Yes, there is gvisor-panic-stacktrace.txt
@kevinGC, SendQueuedReportsLocked() comment states that g.protocolMU must be locked. However, it's not being locked in the stack above. Did I miss anything?
A friendly reminder that this issue had no activity for 120 days.
A friendly reminder that this issue had no activity for 120 days.
SendQueuedReportsLocked() comment states that g.protocolMU must be locked. However, it's not being locked in the stack above. Did I miss anything?
@fvoznika I think it is being locked. So g.protocolMu is a pointer to a lock which is set here: https://github.com/google/gvisor/blob/39afbf09cdca7152b2d0d21b9cf9b655e1dda87f/pkg/tcpip/network/internal/ip/generic_multicast_protocol.go#L358-L366
The relevant caller (igmpState in the reported crash) initializes it with igmp.ep.mu: https://github.com/google/gvisor/blob/39afbf09cdca7152b2d0d21b9cf9b655e1dda87f/pkg/tcpip/network/ipv4/igmp.go#L283-L285
igmpState.sendQueuedReports() has a precondition that igmp.ep.mu must be locked: https://github.com/google/gvisor/blob/39afbf09cdca7152b2d0d21b9cf9b655e1dda87f/pkg/tcpip/network/ipv4/igmp.go#L599-L602
But its caller is only locking it for reading: https://github.com/google/gvisor/blob/39afbf09cdca7152b2d0d21b9cf9b655e1dda87f/pkg/tcpip/network/ipv4/ipv4.go#L1377-L1381
Even though there are checklocks annotations and it is provided that e.igmp.ep.mu=e.mu, the tools fails to figure this out.

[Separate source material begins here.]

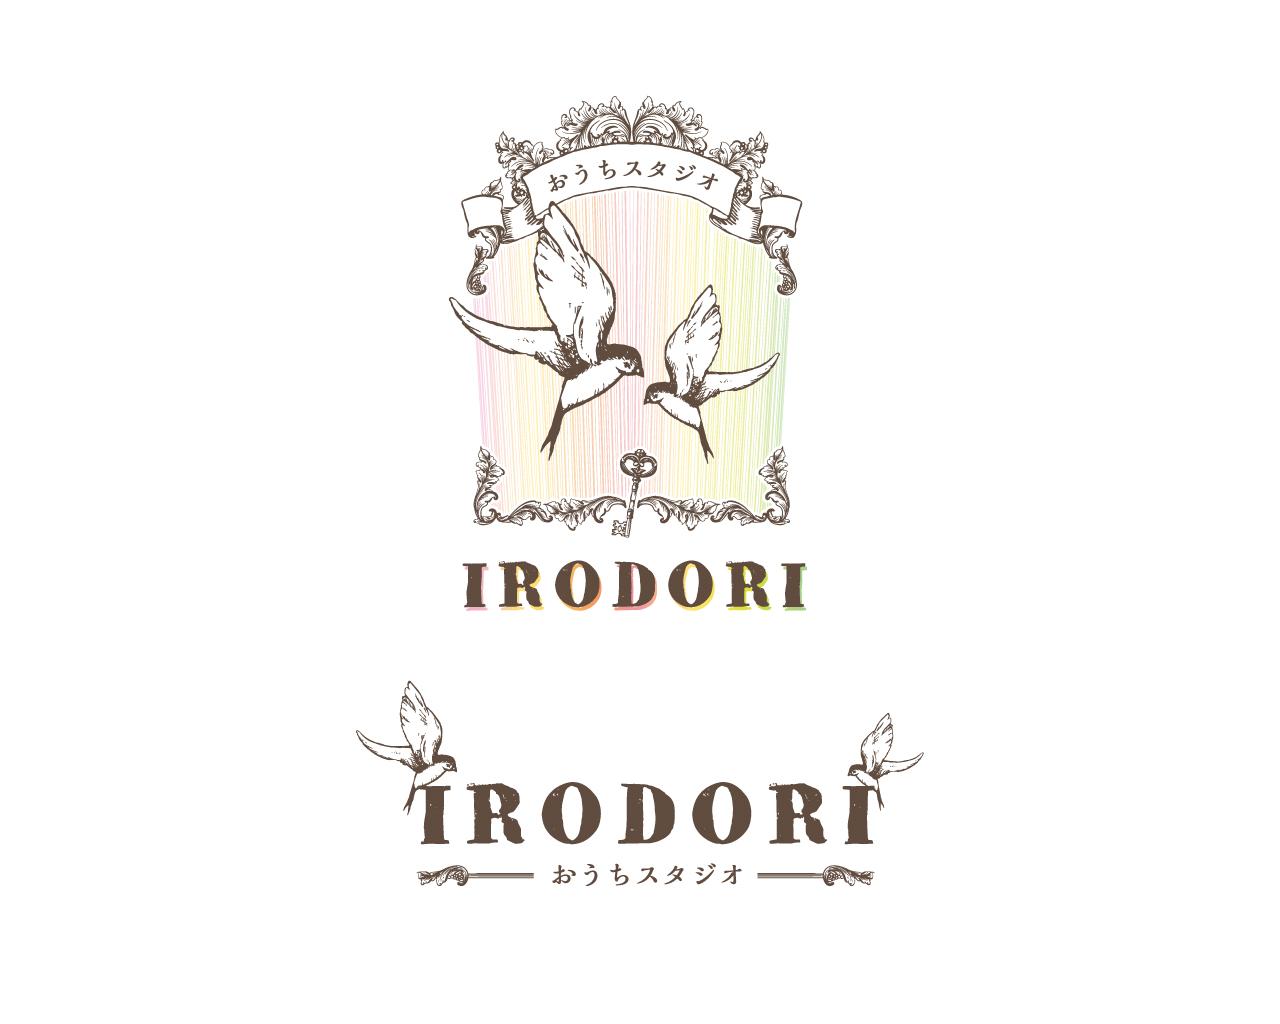 IRODORI様(明日の株式会社様)

The mutex is only read locked here: https://github.com/google/gvisor/blob/39afbf09cdca7152b2d0d21b9cf9b655e1dda87f/pkg/tcpip/network/ipv4/ipv4.go#L1365-L1371
This allows for concurrent writes.
The other ipv6 caller of SendQueuedReportsLocked() does not suffer from this, the entire caller stack seems to be write locking the correct ep.mu. I will send a fix for ipv4.